7. The flame detection system of claim 6, wherein first upper threshold voltage and the second upper threshold voltage are the same, and the first lower threshold voltage and the second lower threshold voltage are the same.

8. The flame detection system of claim 6, wherein the capacitor has a second end, and the second end is operatively coupled to ground.

9. The flame detection system of claim 6, wherein both the first upper threshold voltage and the second upper threshold voltage have a magnitude and are positive, and both the first lower threshold voltage and the second lower threshold voltage have the magnitude and are negative.
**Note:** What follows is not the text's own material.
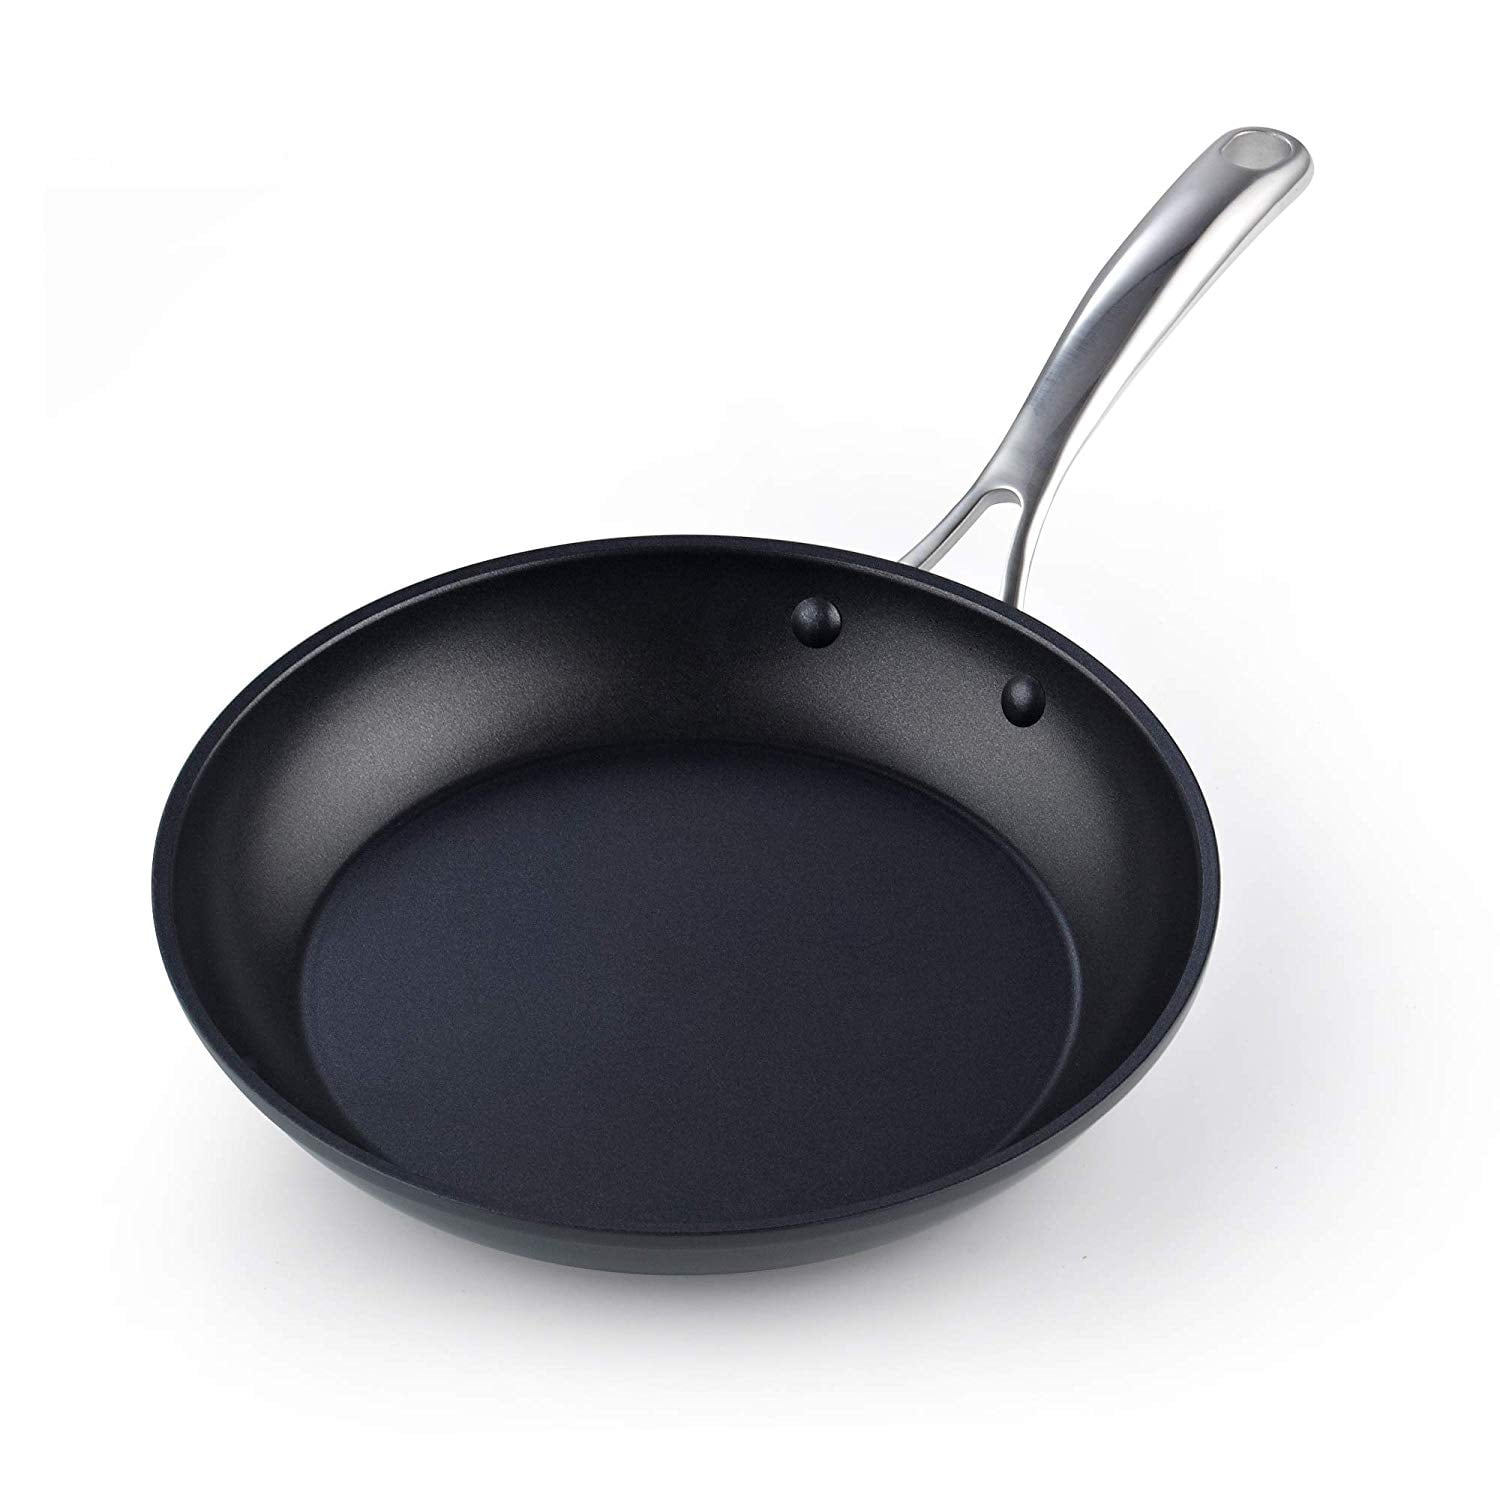 Belwares Nonstick Frying Pan with Spatula & Lid – 10 Inch Non Stick Skillet  Egg Frying Pan – Lightweight Aluminum Hard-Anodized Fry Pan for Kitchen

10. The flame detection system of claim 6, wherein the

microcontroller is configured to determine the first duty cycle of the charging of the capacitor through the first resistor and subsequent discharge of the capacitor by monitoring a voltage of the first end of the capacitor and clock how long it takes to charge the capacitor through the first resistor from the first lower threshold voltage to the first upper threshold voltage (ChargeRlTime), and to clock how long it takes for the amplified flame sense current to discharge the capacitor down to the first lower threshold voltage

(DischargeFCTime), and calculate the first duty cycle using the relation ChargeRlTime/(ChargeRlTime+DischargeFCTime).

11. The flame detection system of claim 10, wherein the

ChargeRlTime and DischargeFCTime are average values taken over a

plurality of charging and discharging cycles of the capacitor.

12. The flame detection system of claim 8, wherein the

microcontroller determines the leakage current condition in the flame

detection system when the ratio of the first duty cycle to the second duty cycle is not within a predetermined margin of the ratio of the first resistance value to the second resistance value.

13. A method for detecting a leakage current condition in a flame detection system, the method comprising:

amplifying with an amplifier a flame sense current provided by a flame sensor, resulting in an amplified flame sense current;

supplying the amplified flame sense current to the amplifier via charge storage device;

charging the charge storage device with a first charging circuit that produces a first charging rate;

subsequently charging the charge storage device with a second charging circuit that produces a second charging rate, wherein the second charging rate is different from the first charging rate;

determine a leakage current condition in the flame detection system

based at least in part on a comparison of the charging of the charge storage

device with the first charging circuit and the charging of the charge storage device with the second charging circuit; and

providing a shutdown signal to shut down the flame when the leakage current condition is determined.

14. The method of claim 13, further comprises:

providing a negative supply voltage to the amplifier;

changing the negative supply voltage from a nominal negative supply voltage to a boosted negative supply voltage; and

determine the leakage current condition in the flame detection system when the amplified flame sense current changes by more than a threshold

amount when the negative supply voltage is changed from the nominal negative supply voltage to the boosted negative supply voltage.